У этой женщины были красивые и крепкие ноги, и рука моя впервые коснулась женской ноги… И я не пошел слушать Моцарта…
Эта чужая женщина повела меня по незнакомым улицам моего города, незнакомым тупикам моих улиц, незнакомыми двориками моих домов.
Я пошел за нею, потому что она пробудила во мне вожделение и пробудила сострадание. Но я мучительно вопрошал себя: пожалел ли я ее вначале, а потом — пожелал, или же наоборот: вначале пожепал и лишь после — пожалел, а может, мною овладел сплав двух этих чувств?.. Насколько помню, в те дни я бился над вопросом, кто же из нас был виноват в большей мере — она, ее голодные дети или же я?.. Она ли, совратившая меня, голодные ли детишки, толкнувшие мать на грех, или же я, пожалевший и пожелавший ее?..

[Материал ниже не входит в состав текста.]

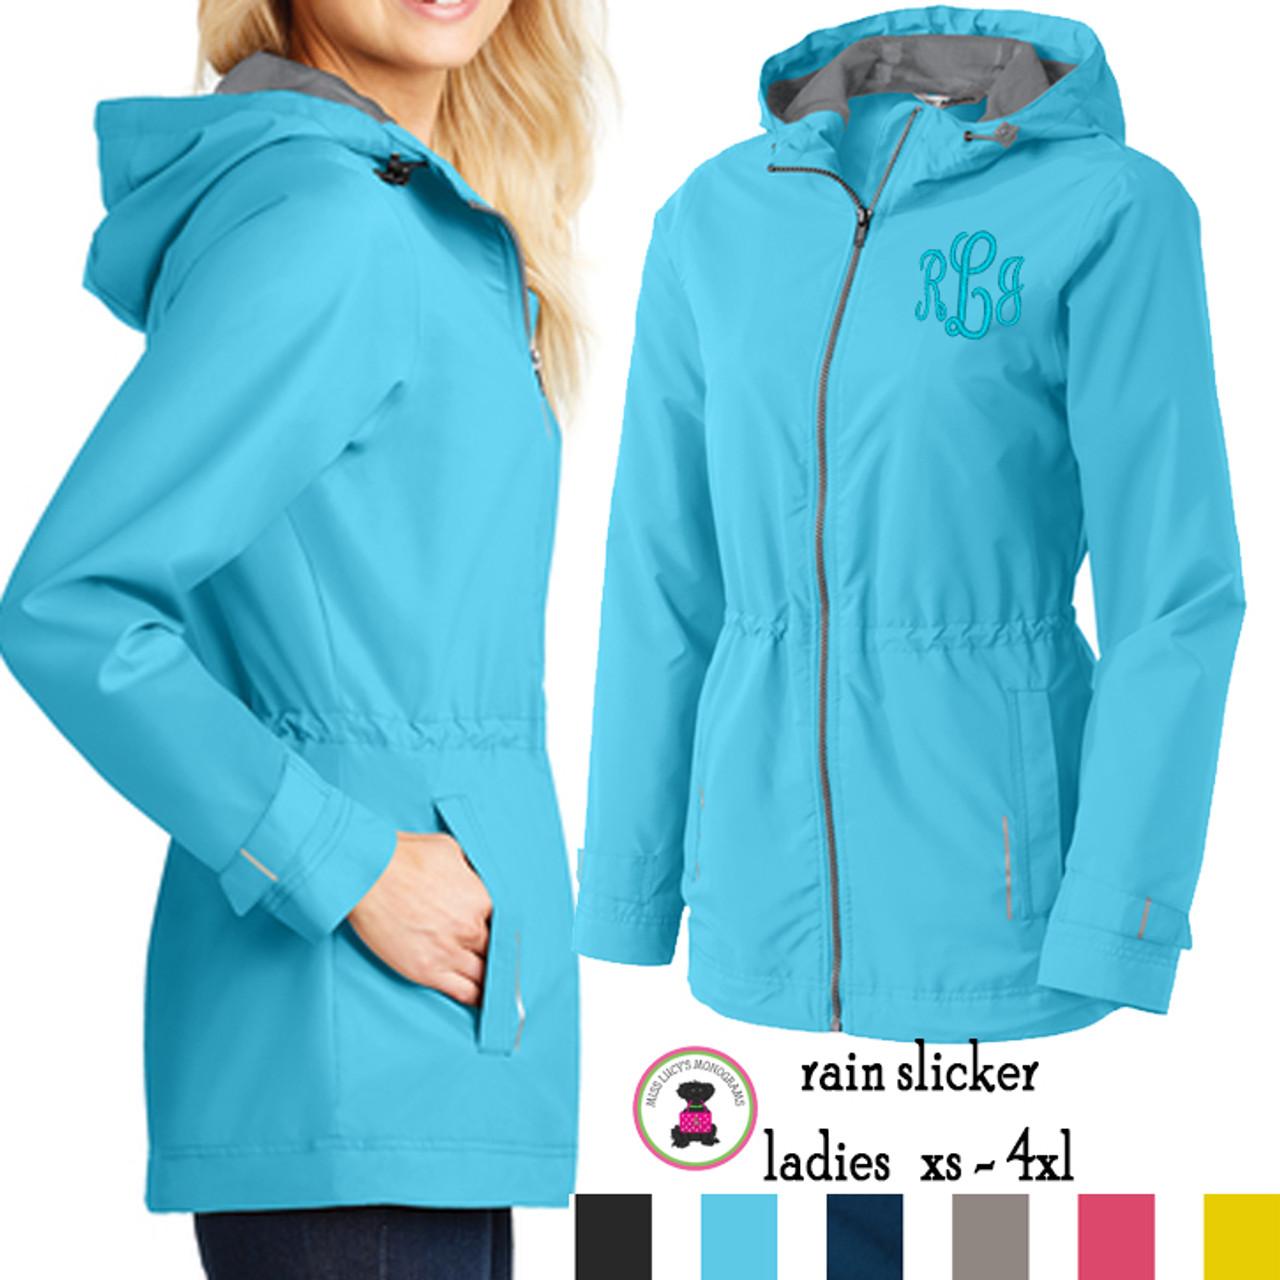 3XL 2XL 4XL NEW Mens Waterproof Rain Jacket Coat Slicker Hood Pockets S-XL

Беспощадный к себе, я долго исследовал мотивы своего грехопадения, пока, наконец, не убедился, что вначале я все-таки пожалел и лишь потом — пожелал. И я был спокоен, ибо тебе это было хорошо известно.
Вскоре эта женщина исчезла и более не появлялась, но оторваться от улицы я уже не смог. Насвистывая Моцарта, я бродил по ночному городу, и каждый предмет, будь то дерево или столб, в темноте представлялся моему воображению женщиной, и я спешил к нему.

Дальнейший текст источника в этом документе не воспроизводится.